Results of Phase III TAILOR study shows Erbitux (cetuximab) plus FOLFOX chemotherapy met primary endpoint in colorectal cancer- Merck

Merck has announced that the pivotal Chinese Phase III TAILOR study met its primary endpoint of significantly increasing progression-free survival (PFS) in patients with RAS wild-type metastatic colorectal cancer (mCRC) treated with Erbitux (cetuximab) plus FOLFOX chemotherapy, compared with FOLFOX alone.

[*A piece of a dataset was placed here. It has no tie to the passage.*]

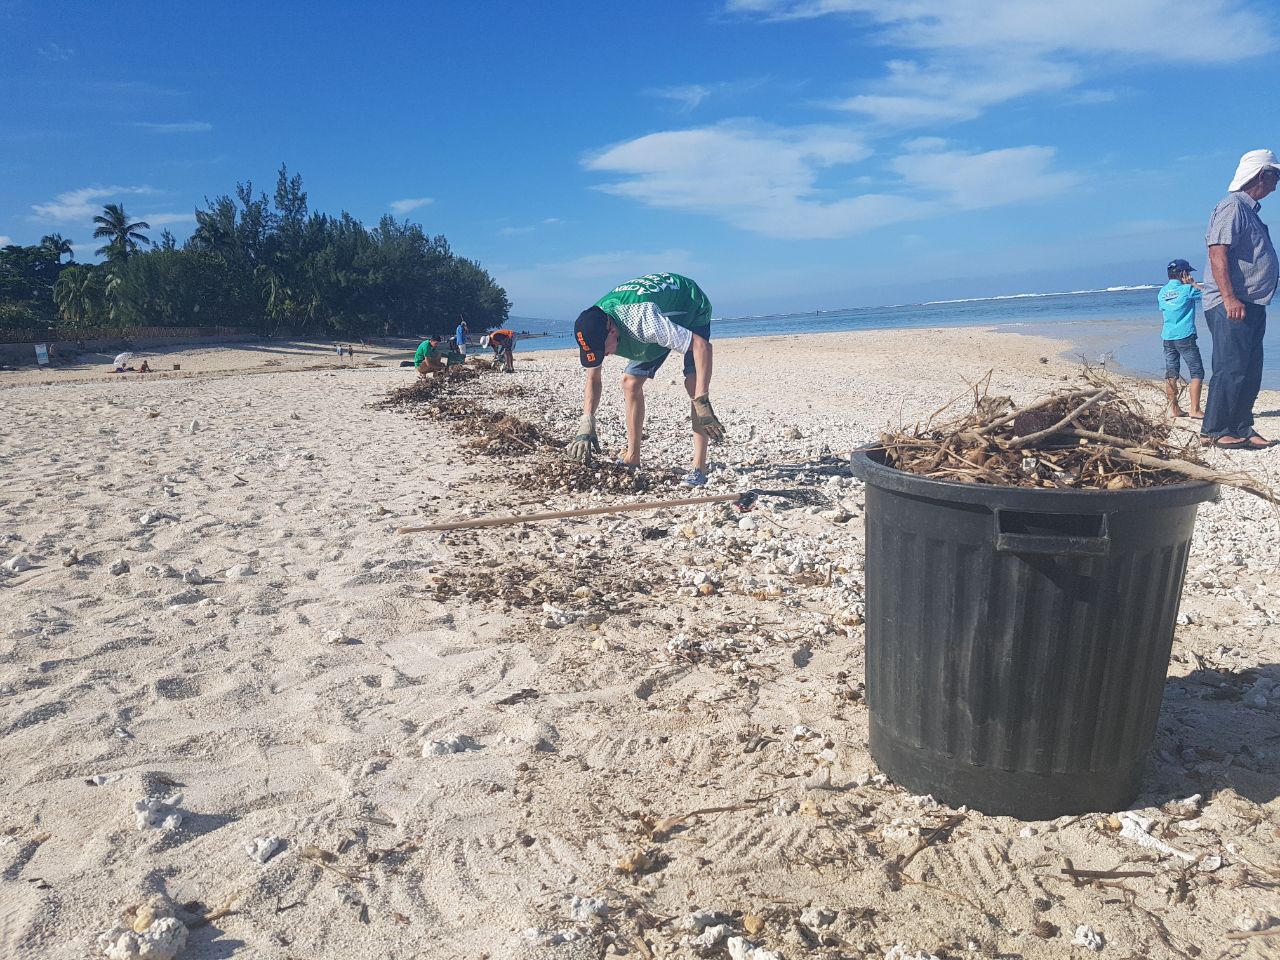 Les déchets envahissent la plage, le collectif DPM souhaite sensibiliser pour éviter le danger

The TAILOR study is a Phase III, open-label, randomized, controlled, multicenter trial designed to compare Erbitux in combination with FOLFOX-4 versus FOLFOX-4 alone in the first-line treatment of Chinese patients with RAS wild-type mCRC. All randomized subjects were planned to receive treatment until the occurrence of progressive disease (PD) or unacceptable toxicity. The study enrolled 397 patients with RAS wild-type mCRC. The primary endpoint of the trial is progression-free survival. Secondary endpoints include: overall survival, best overall response rate, time to treatment failure and rate of curative surgery for liver metastases.

The clinical benefit that Erbitux offers to RAS wild-type mCRC patients is further strengthened by the secondary endpoint results, which support the superiority shown for PFS. The safety profile of Erbitux in the TAILOR clinical trial was manageable and similar to that observed in other pivotal trials, with no unexpected safety findings. The full study results will be submitted to upcoming international scientific meetings.

Comment: In Europe, Erbitux is indicated as first-line therapy for patients with RAS wild-type mCRC tumors, together with the oxaliplatin-containing regimen FOLFOX in treatment-naïve patients or together with regimens containing irinotecan (e.g. FOLFIRI).